What you will do
Copy all the lines of the listing below exactly. Skip the images.

Collected data
§

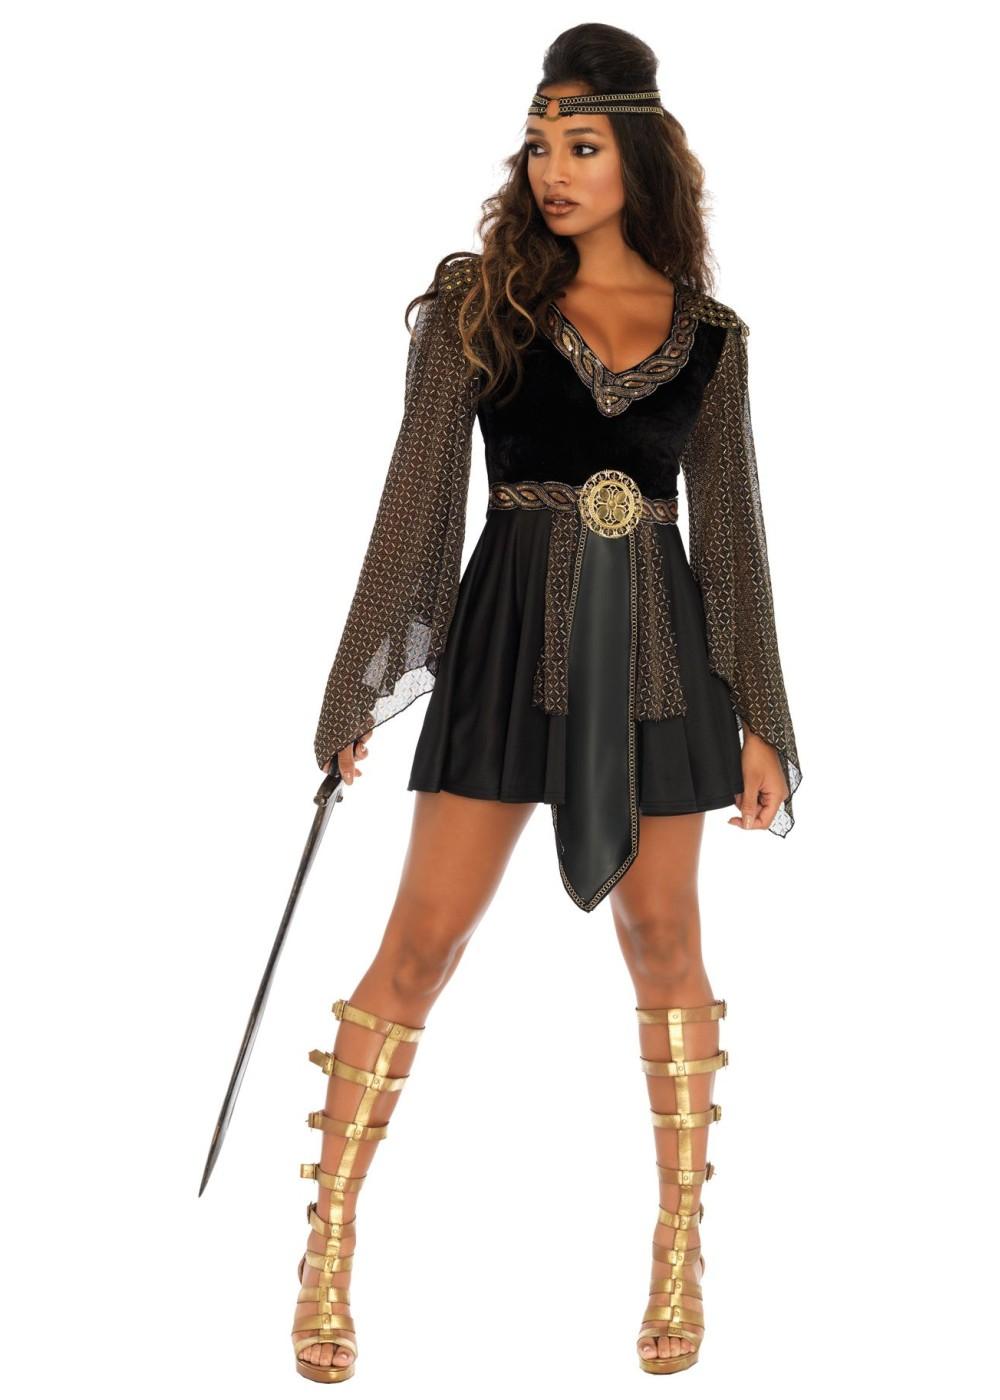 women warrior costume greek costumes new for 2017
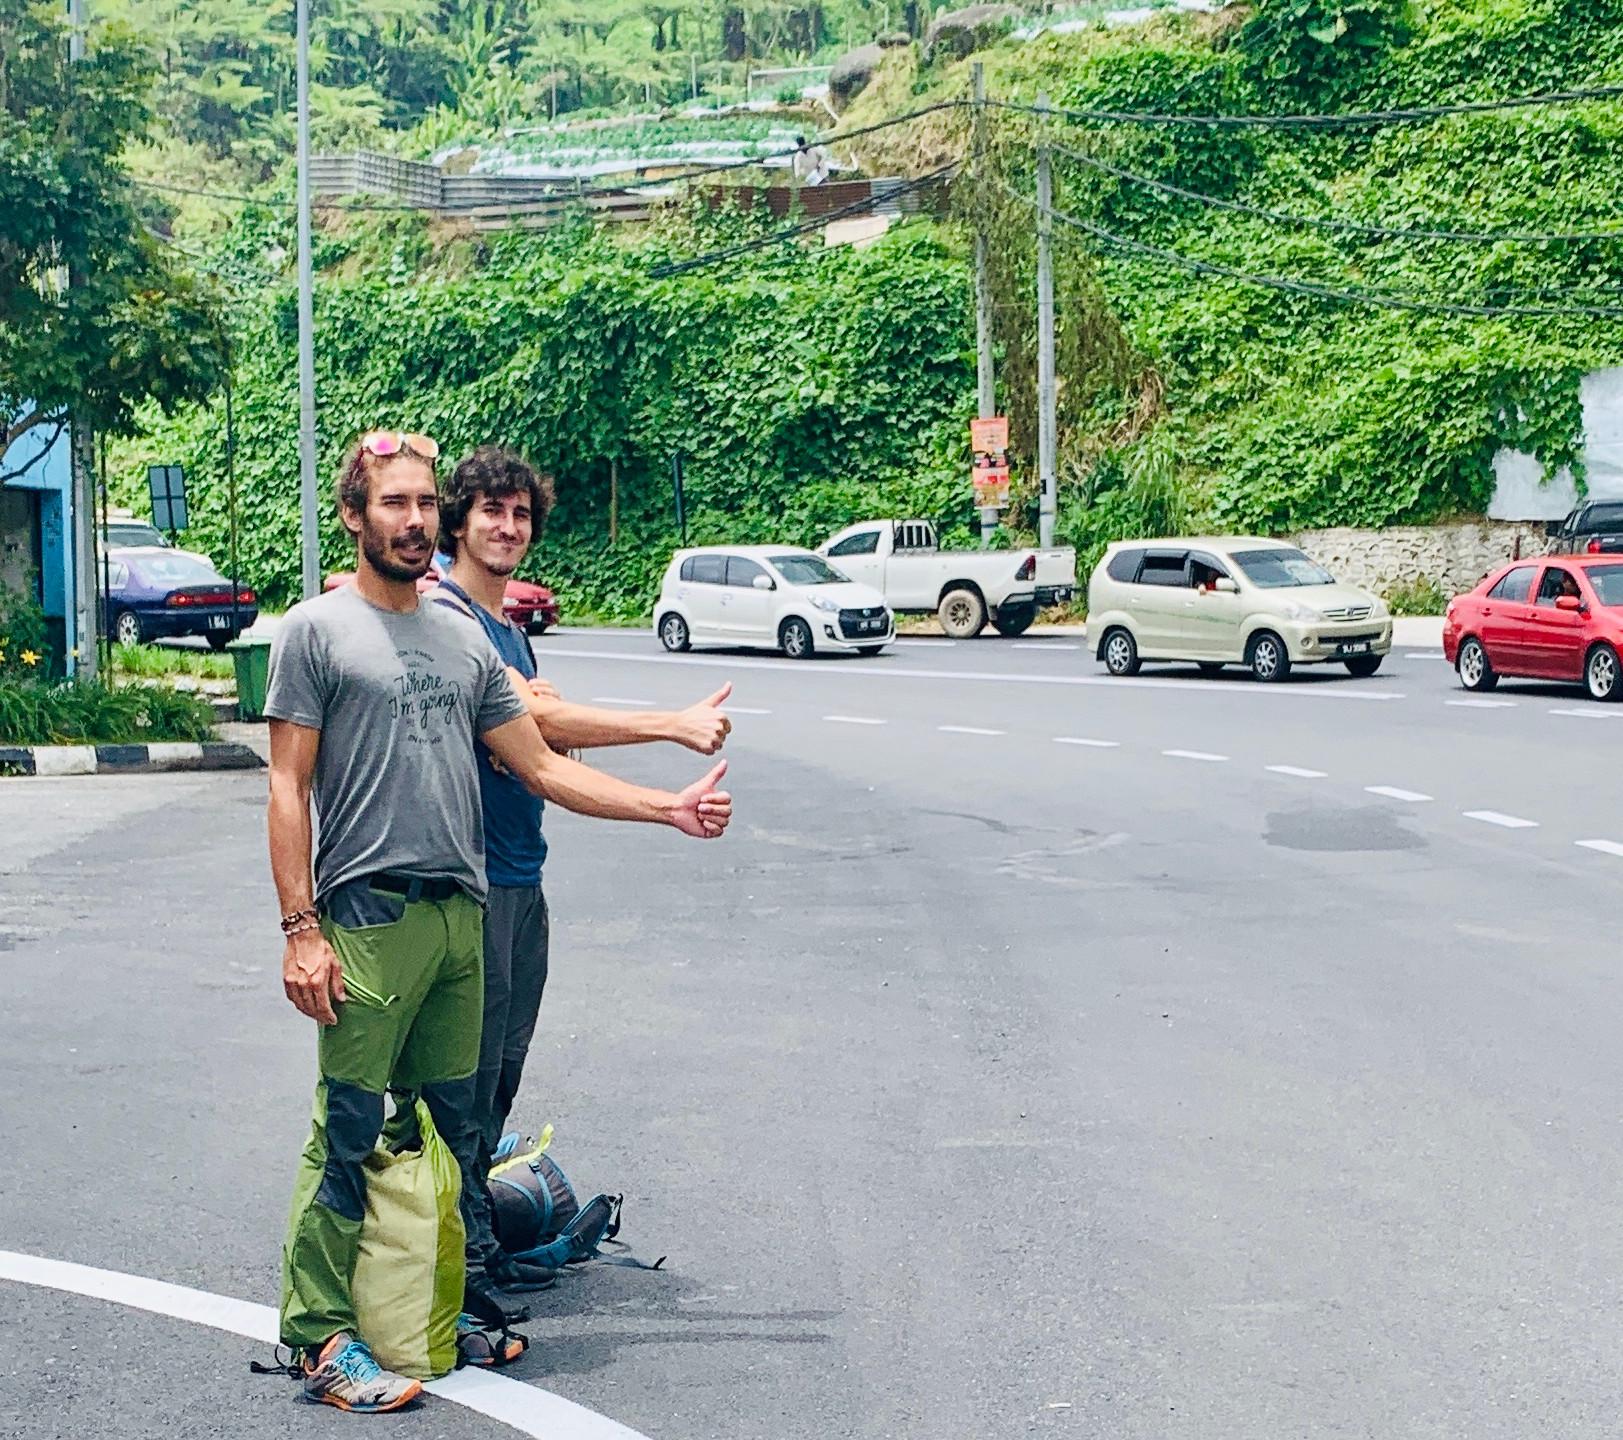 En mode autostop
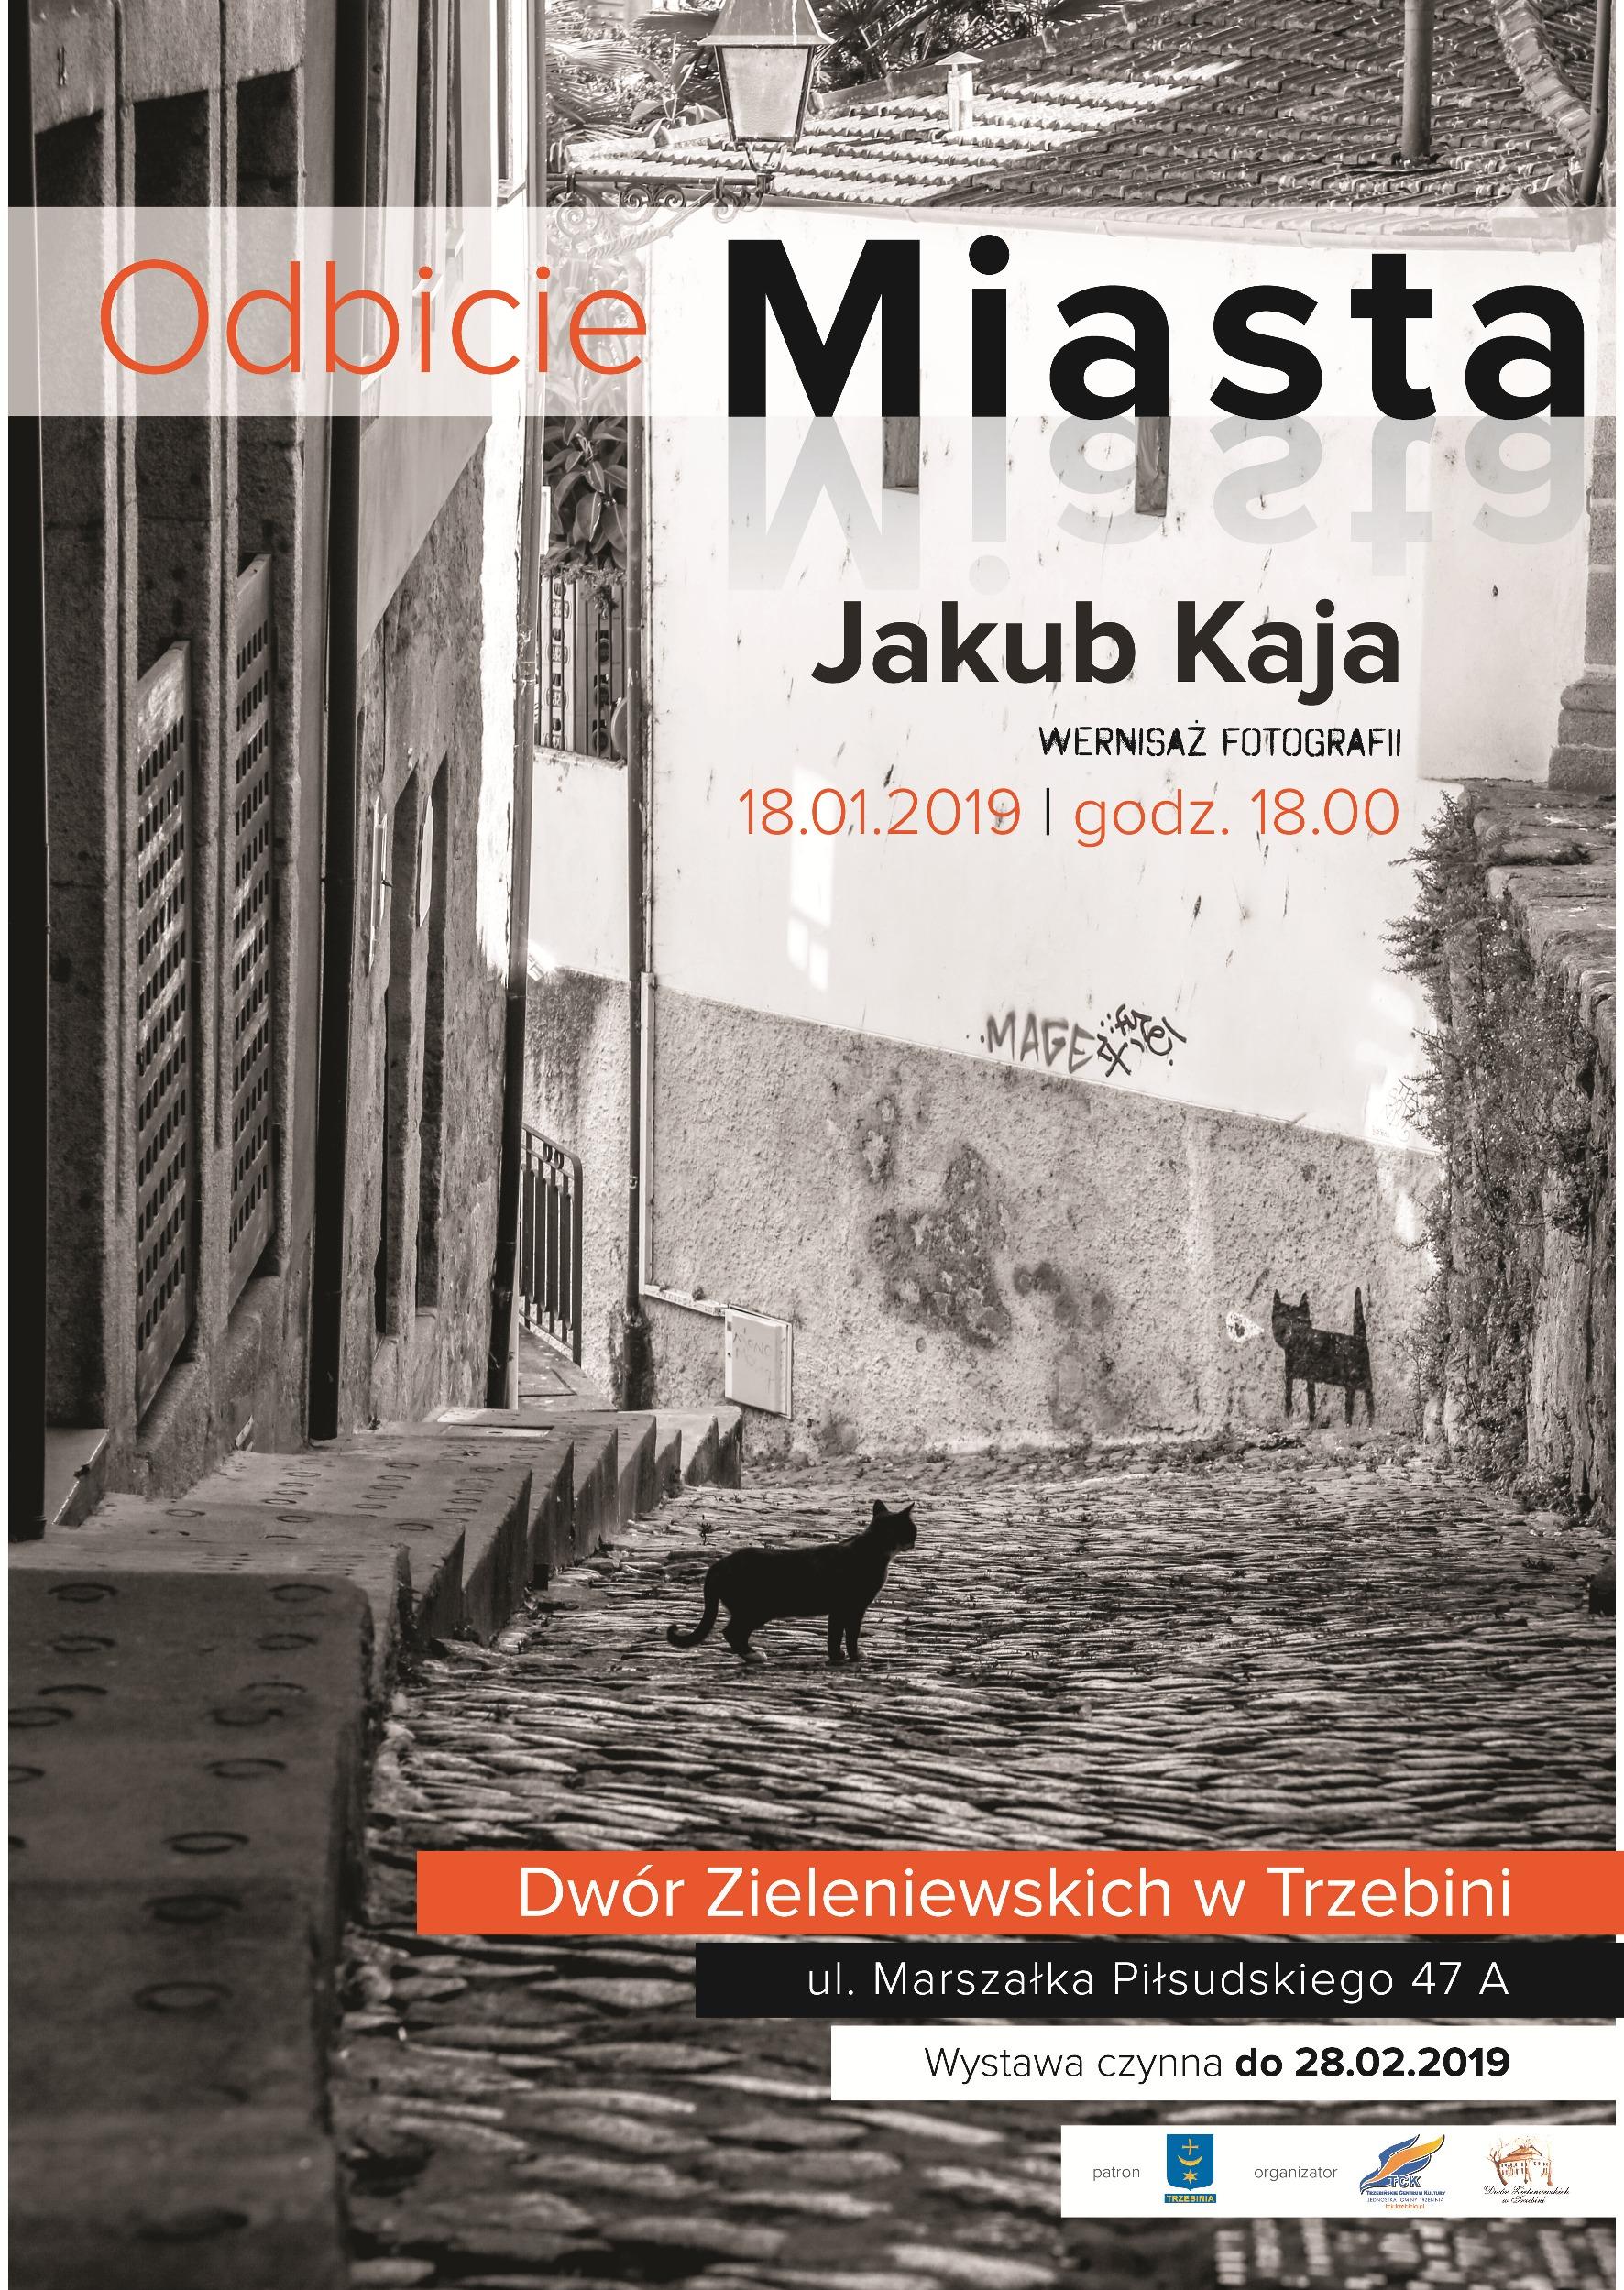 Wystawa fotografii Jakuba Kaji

§

Task response
 women warrior costume greek costumes new for 2017
 En mode autostop
 Wystawa fotografii Jakuba Kaji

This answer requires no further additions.